Pictures do not belong in your copy. Repeat all the other data exactly.

Source data:

++++

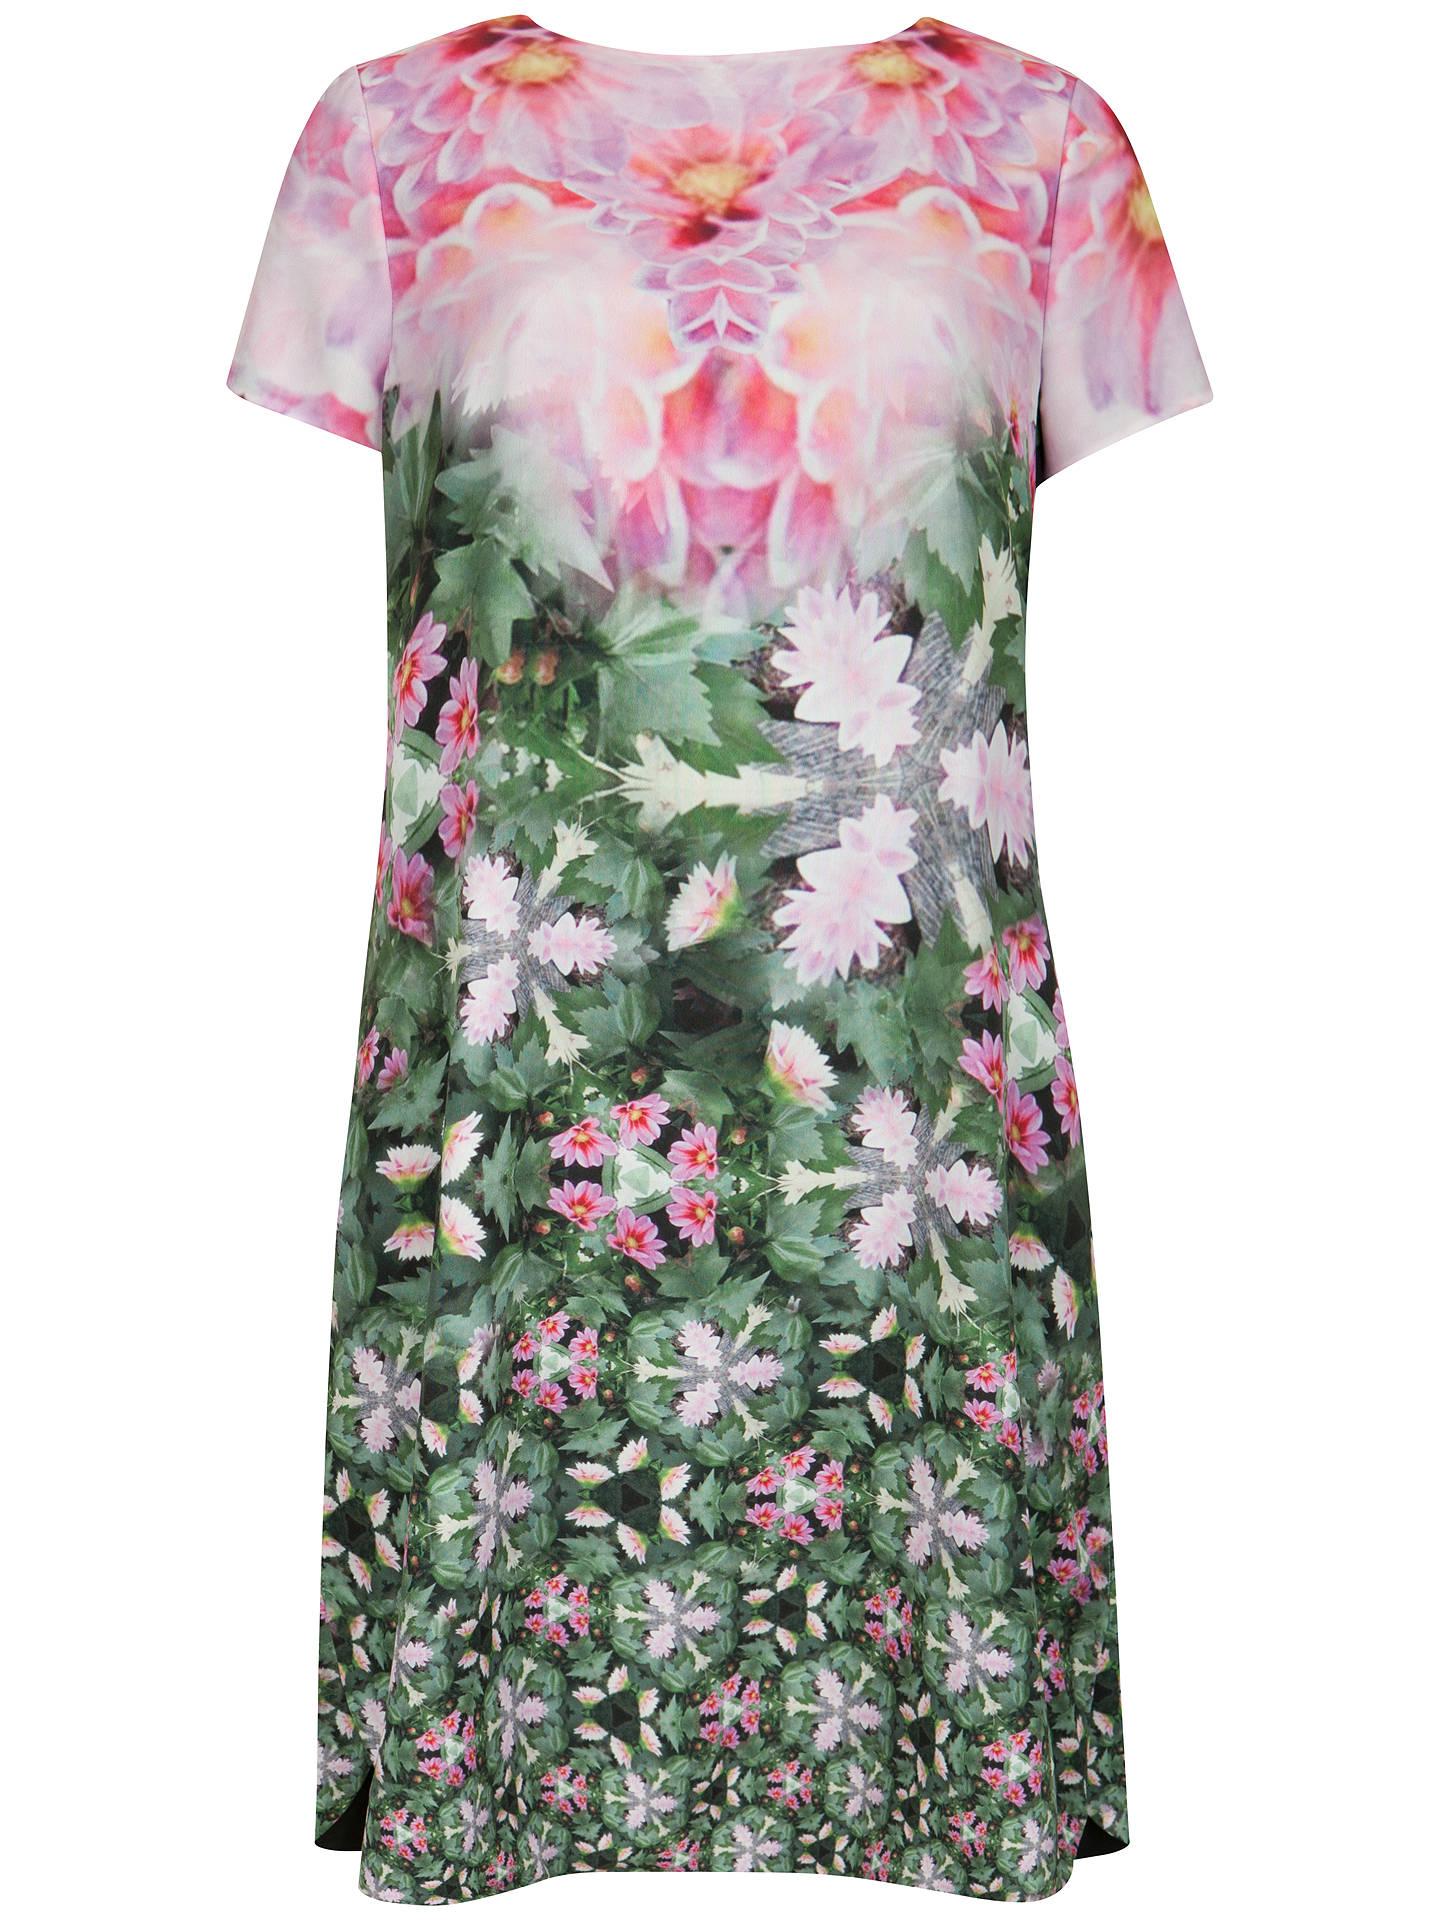 32ff3d7a47d Buy Ted Baker Natural Kingdom Tunic Dress, Multi, 6 Online at johnlewis.com
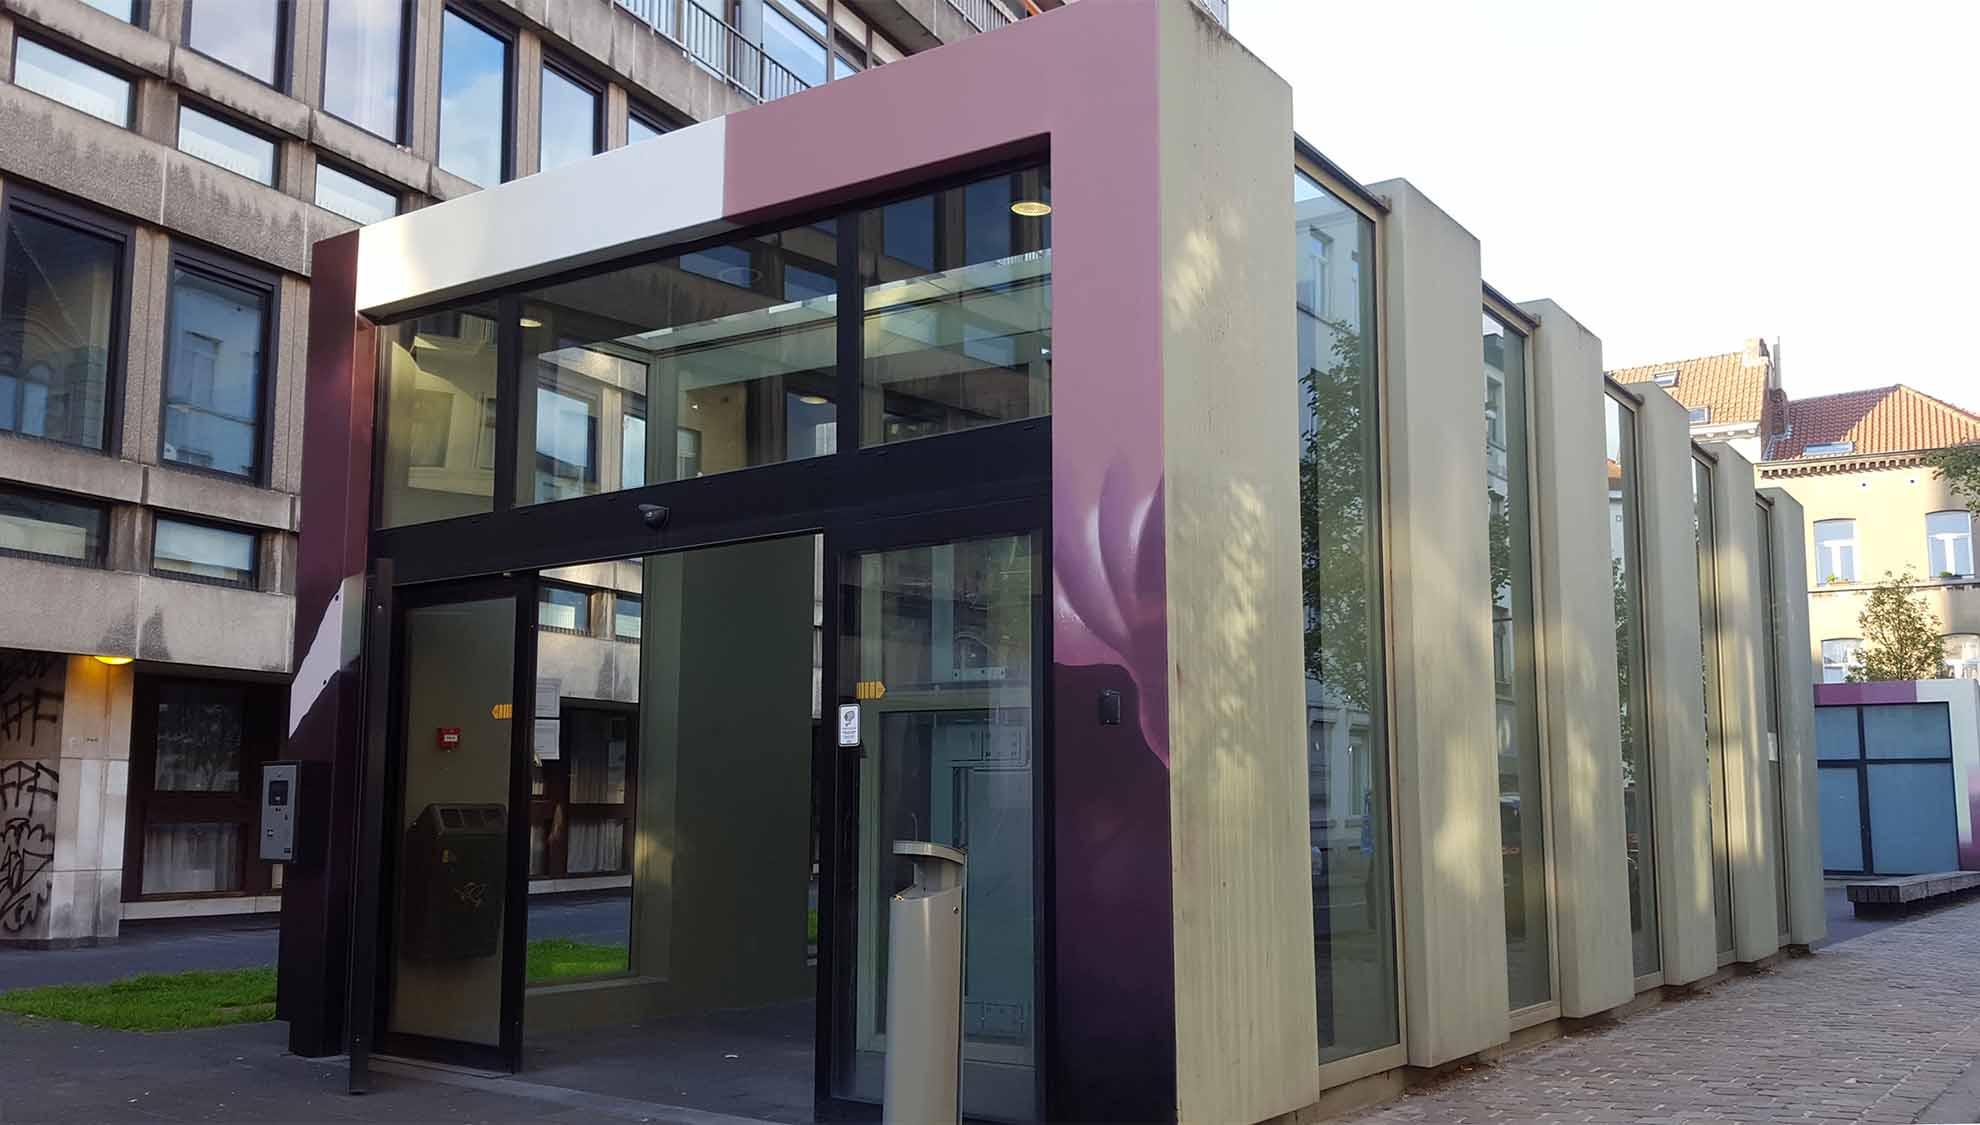 https://www.propaganza.be/wp-content/uploads/2019/05/Propaganza-ixelles-bruxelles-graffiti-workshop-street-art-tulipe-4.jpg
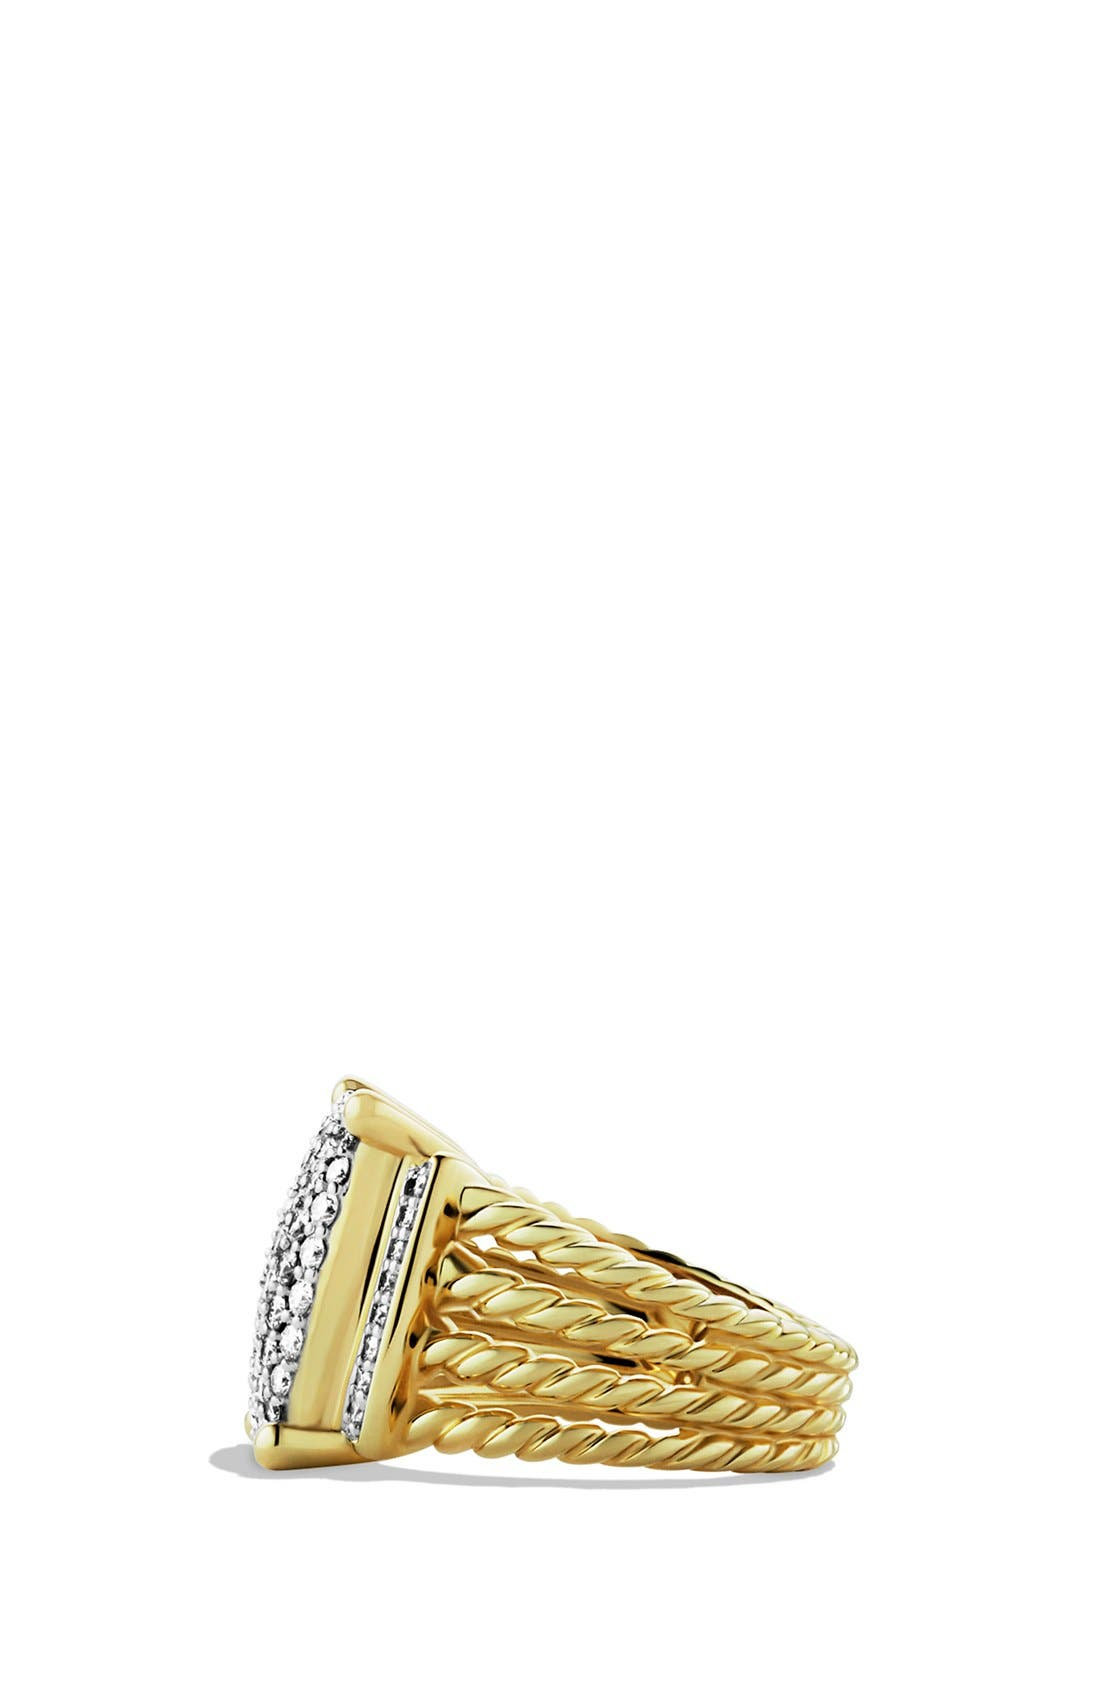 'Wheaton' Ring with Diamonds in Gold,                             Alternate thumbnail 2, color,                             Diamond

++++

Exercise result:
 32ff3d7a47d Buy Ted Baker Natural Kingdom Tunic Dress, Multi, 6 Online at johnlewis.com
 https://www.propaganza.be/wp-content/uploads/2019/05/Propaganza-ixelles-bruxelles-graffiti-workshop-street-art-tulipe-4.jpg
 'Wheaton' Ring with Diamonds in Gold,                             Alternate thumbnail 2, color,                             Diamond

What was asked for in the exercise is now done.